Thursday, December 4, 2008

Thank God It's Grey's Tonight

I really need it. Lately, things have been so weird and I seem to be in a constant sullen state. This is not by choice, of course. Just one of those things I cannot truly control all the way. If it's not one thing, its another. I feel like I just need to cut ties from civilization to truly have some peace and happiness. Sadly, that is not reality. They say start ever morning like it was on purpose. Or tomorrow is another day. Or start fresh. I always feel like, "ugh, another day, I gotta brace myself for a whole lot of ugly coming my way from a never-ending parade of stupid."
I almost feel guilty this past week about my blogs. I cast off such a negative spin on things. But I have to remind myself that the only reason I have one of these is so I can vent, bitch, moan, complain and well...I think I am succeeding at that task. I have not even fully touched on what thoroughly has pissed me off this week alone, not even the past month. So consider yourselves lucky. However, I am the unlucky one for letting that shit stay inside and fester. Now I would have to admit that I only let about 20% of whats truly bugging me out on this blog. If I was just writing for myself, and for no ones eyes, I would probably be completely forthcoming and honest about stuff.
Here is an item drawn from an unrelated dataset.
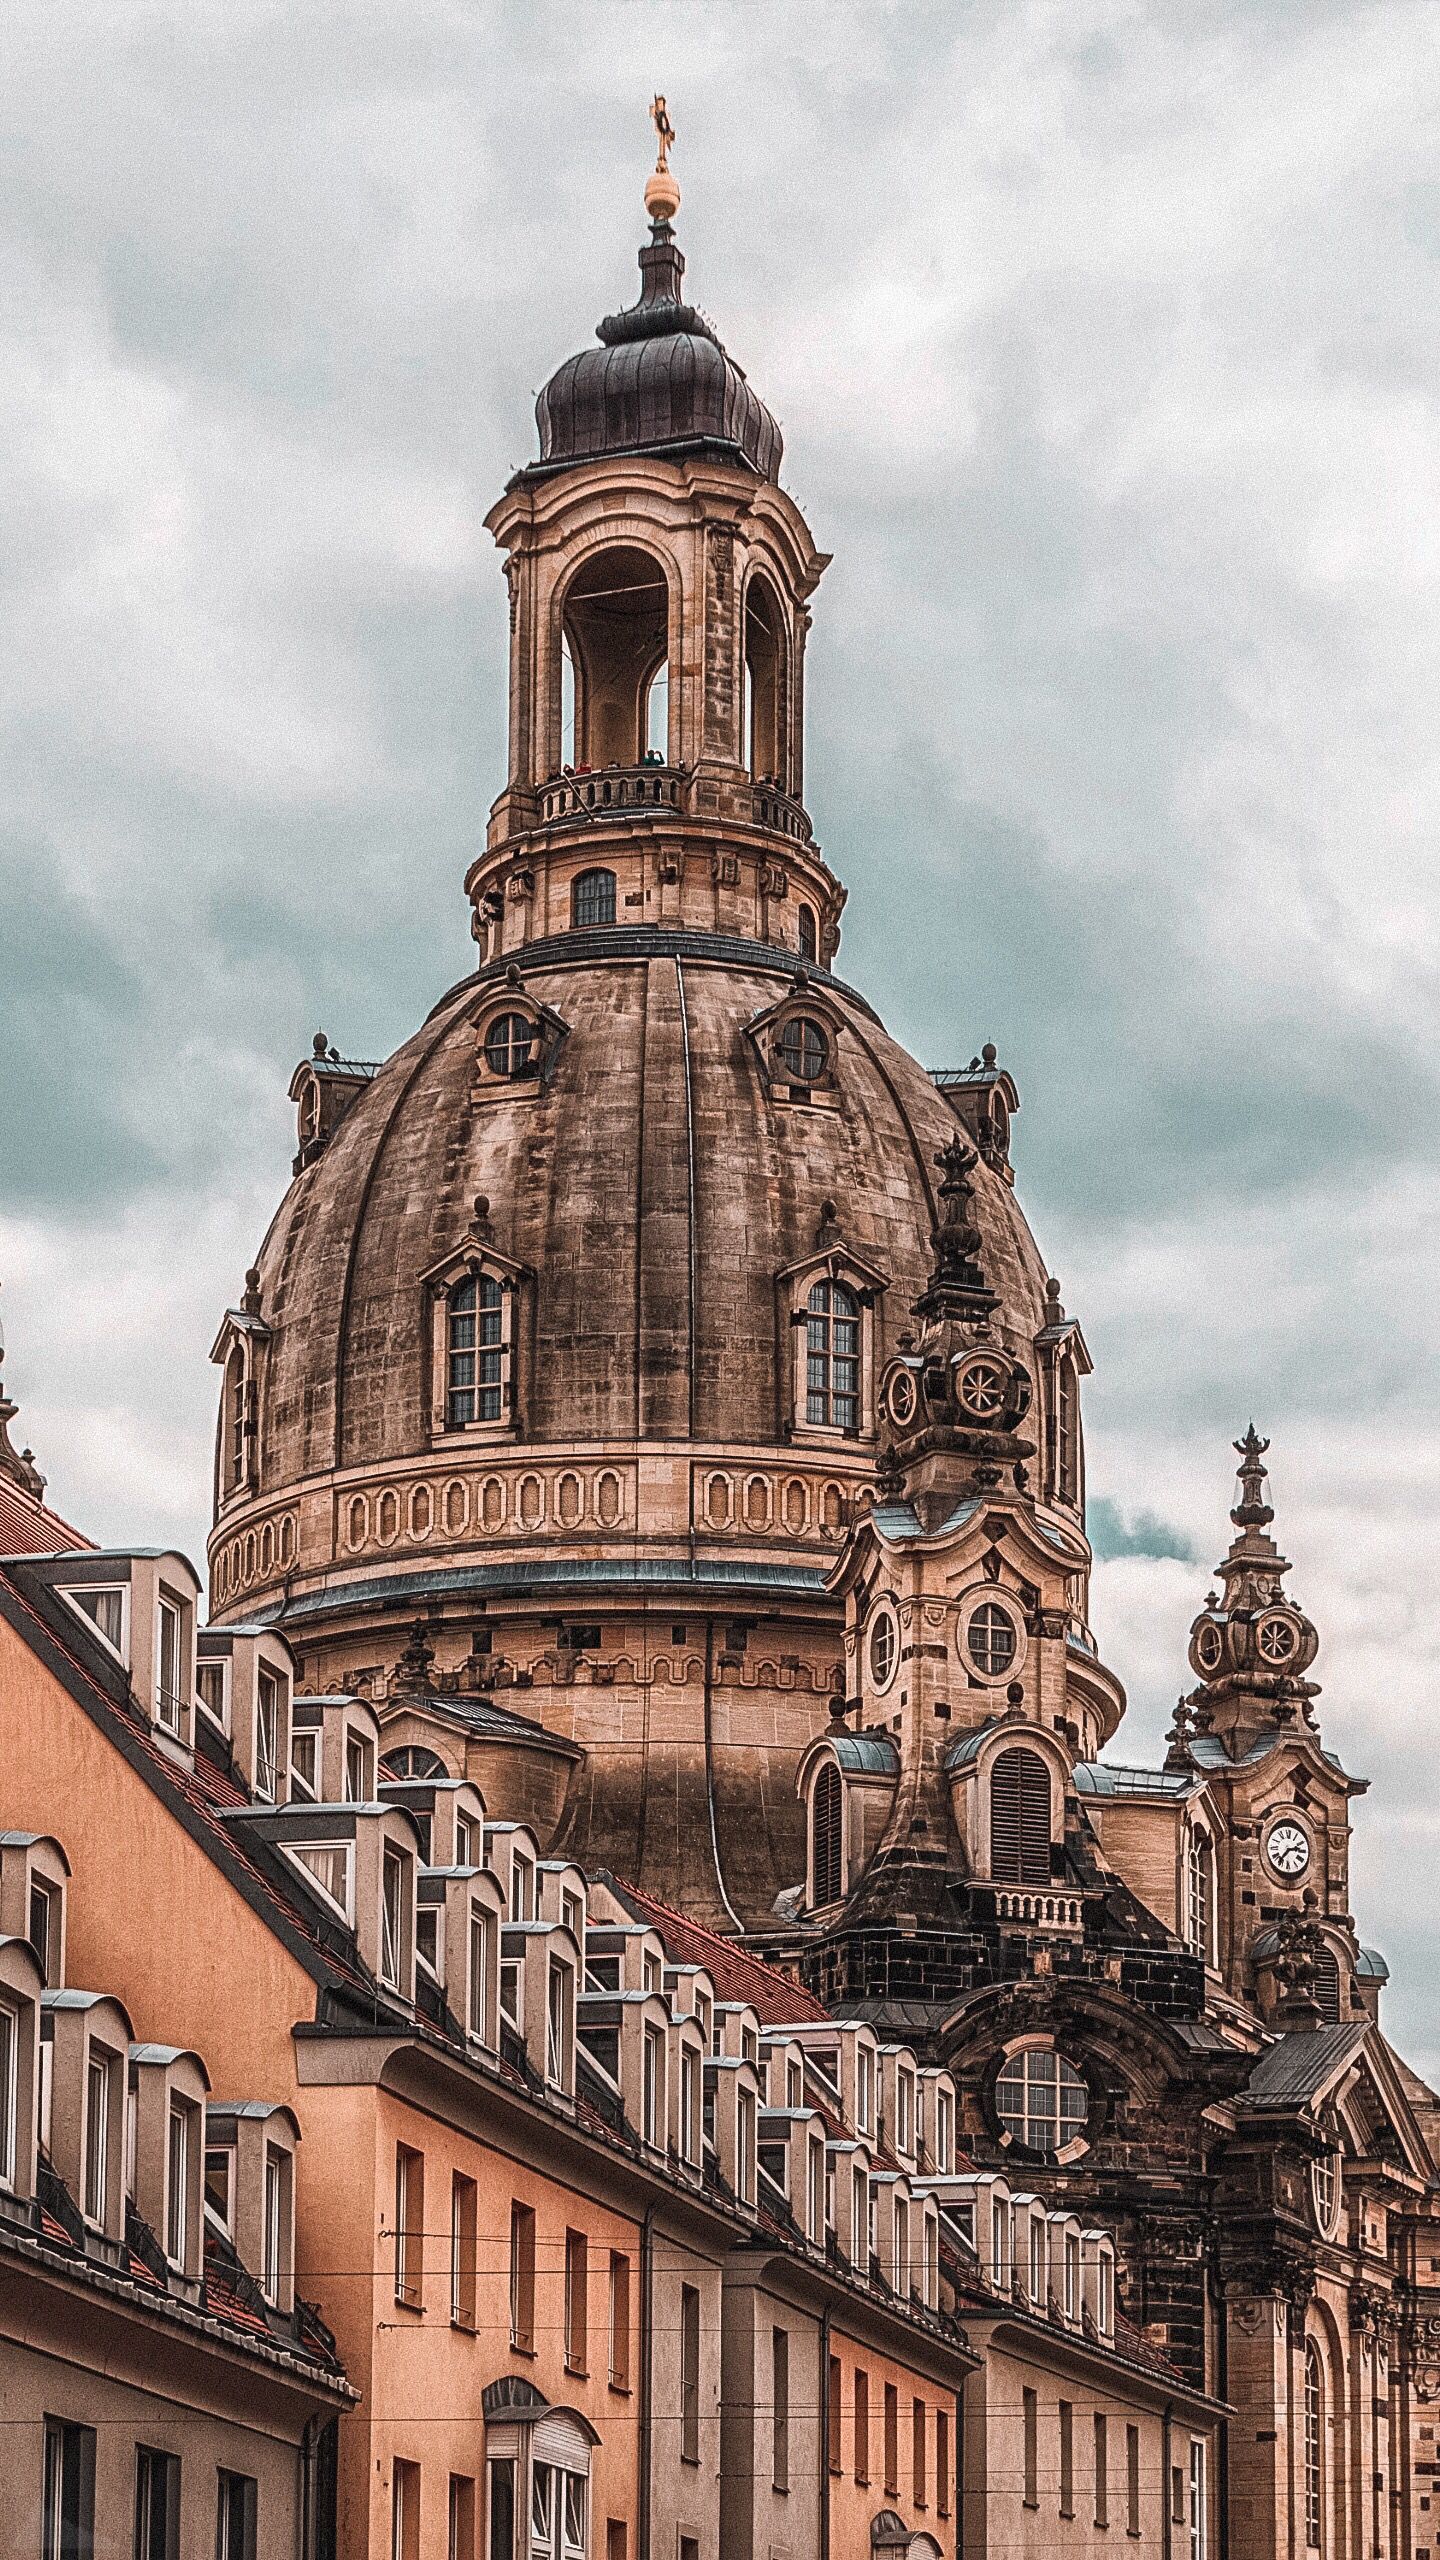 The dome of the Frauenkirche in Dresden, Germany. - Architecture
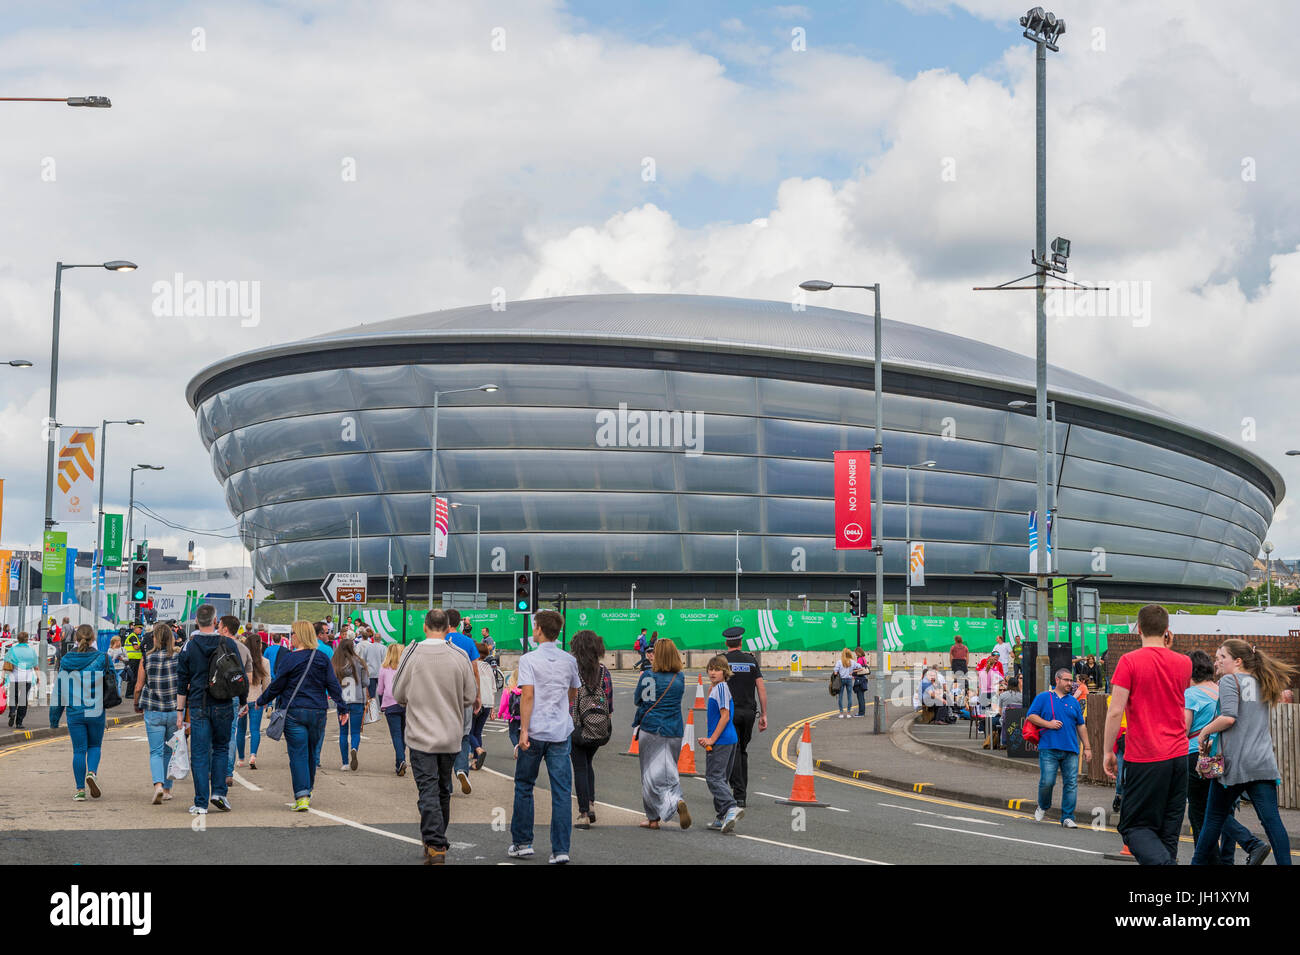 Glasgow, Scotland, UK - August 1, 2014: Member of the public making their way to a from events during the 2014 Commonwealth Games in Glasgow Stock Photo

But in fear that I will hurt peoples feelings or it may get around to other people from word of mouth - I have opted out of that. I am just glad Greys is on in almost 2 hours. It is my 1 hour of complete happiness with no interruptions (except commercials) which by the way will be a thing of the past starting tomorrow when I get my DVR. *Merry Christmas to Me...YAY...Im so happy.* I will just address a few things ( in the form of a brief statement) as of late, that bother the crap about of me.
1. I hate the winter weather, AND it just started. SHIT. 4 long ass months of this......brace myself
2. I hate my neighbors above....sounds like they constantly move furniture.
3. I hate the apt complex management and home office. They are liars, crooks and rude as hell.
4. I hate when young adults go to bed as early as old people do....freaking seriously, you will have plenty of time to be OLD and do that shit.
5. I hate movies based on books. Why cant one EVER be awesome?
6. I hate online games, but really just one. I have nothing to do with them, but they still impact my life because just this week, my hubby got sucked back into one that I loathe. UGH.
7. I hate those people who only call or email when they are bored, need something or are just plain nosy and want to ask a billion questions. They need a crash course in friendship 101.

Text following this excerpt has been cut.